MATERIALIZED IN FOLDER STRUCTURE

In Agent Focus, the knowledge lifecycle isn't just a concept - it's implemented through the folder hierarchy. Each folder represents a different maturity level.

FOLDER

EMM LEVEL

CONTENTS

docs/
CANON

specification.md, architecture decisions

knowledge/
INSIGHTS

handoff.md, codemap.md, tribal wisdom

unstructured/
FIELD NOTES

scratchpad.md, working notes

sessions/
OBSERVATIONS

*.work.log, session transcripts

At handoff, agents promote knowledge upward: working notes become refined insights, insights that prove stable graduate to canonical documentation. The folder structure IS the knowledge lifecycle.

PROGRESSIVE DISCLOSURE

Agents don't read everything. They start with the most refined layer (Insights) and only reach down to rawer data when needed. This keeps context lean while preserving access to full history.

LEVEL 1~40k

Always load

knowledge/handoff.md, codemap.md

LEVEL 2+~10k

Load if confused

sessions/NN-agent.md (previous session)

LEVEL 3Full context

Wake if needed

Past agent with full 150k context

QUERYABLE CANON: SIPS

At the Canon level, the Specification & Implementation Planning System (SIPS) turns Markdown into a structured, queryable document. Catalog-numbered items (1.1.1, 2.3.4) enable targeted reads and updates.

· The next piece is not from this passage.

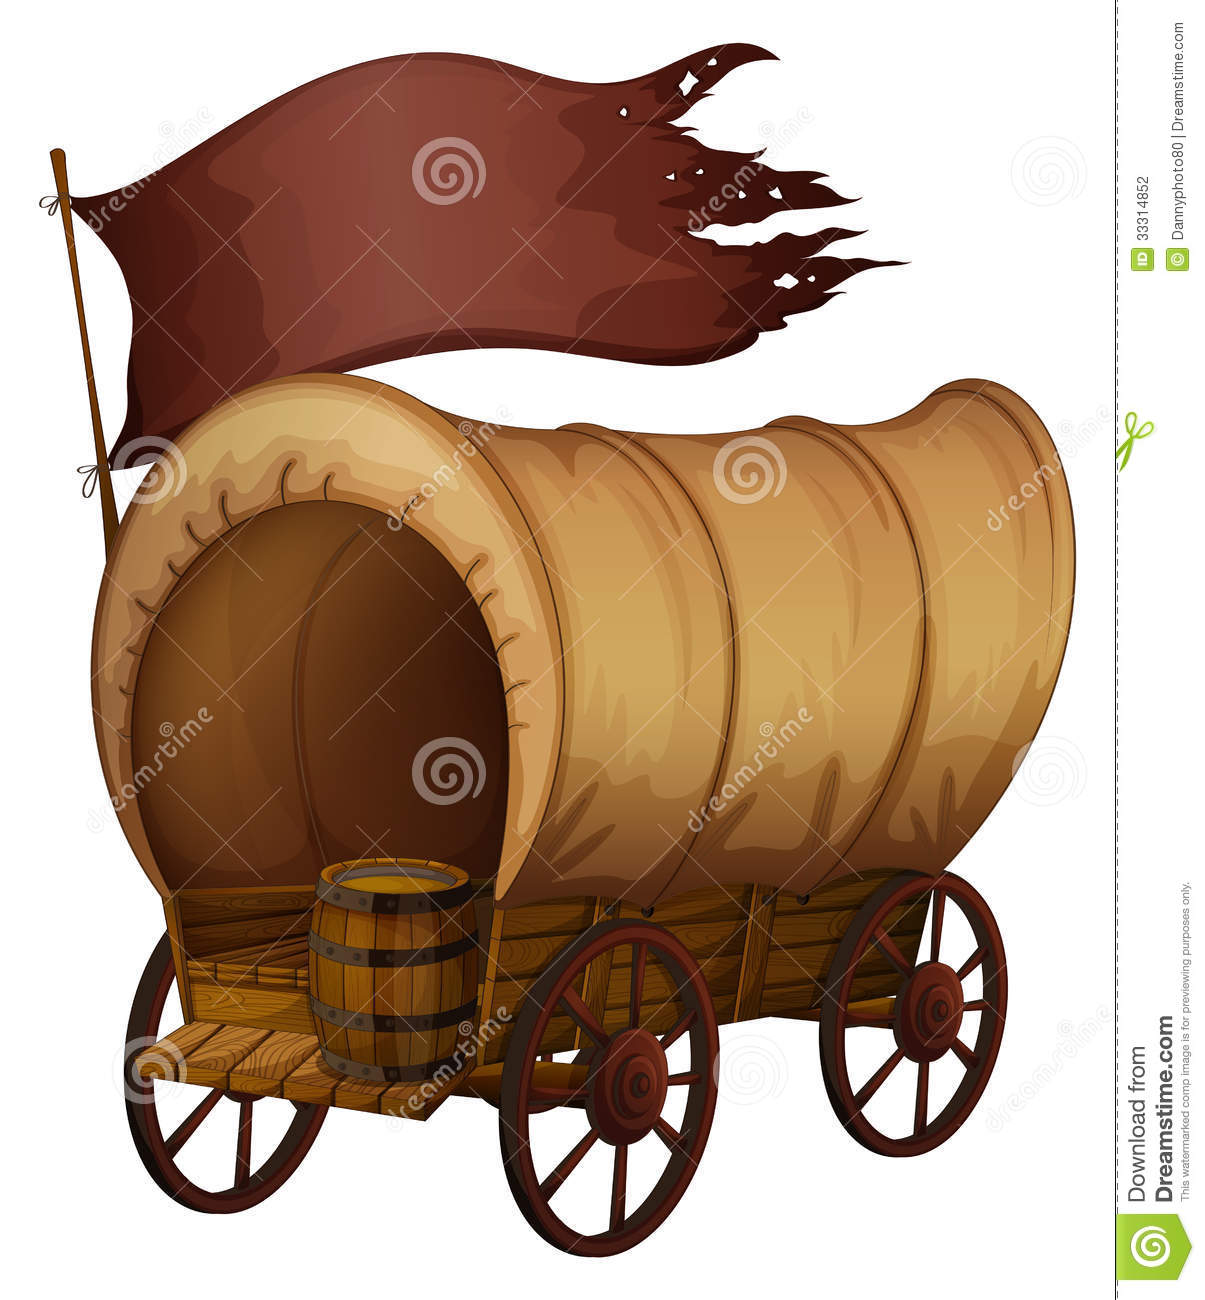 Illustration Of A Wooden Carriage On A White Background

# Query a specific spec item

$ af spec 2.1.3

# Returns just that section, not the whole doc

→ 2.1.3 Authentication Flow: JWT tokens with...

Large specifications become navigable. Agents can grep for catalog numbers, make targeted edits, and reference specific sections without loading entire documents. Markdown becomes a pseudo-database.

HOW REFINEMENT WORKS

Refinement, Not Appending

At handoff, Session 02 doesn't just append to Session 01's handoff.md. It reads Session 01's discoveries, merges related entries, enhances existing ones with new details, removes outdated information, reorganizes for clarity. The result is BETTER documentation, not longer.

Lossless Compression

No information is lost. Session 02 enhances "JWT library fails with RS256" by adding performance data ("~5ms per token"). Session 03 adds where the decision was made ("lib/auth/jwt.ts line 3"). Each session improves the entry without losing the original insight.

Quality Compounds

By Session 10, handoff.md contains the essential wisdom from all previous sessions, organized clearly, enhanced with context, free of redundancy. It's not 10× longer. It's 10× better.

WHY IT MATTERS

This is core to Agent Focus. Without the knowledge lifecycle, multi-session development becomes impossible. Context windows fill with noise. Quality degrades.

The combination - EMM levels materialized in folders, SIPS for queryable canon, progressive disclosure for efficient context loading - creates a system where knowledge improves over time instead of accumulating into entropy.

Compression is intelligence. It's how quality survives across unlimited sessions.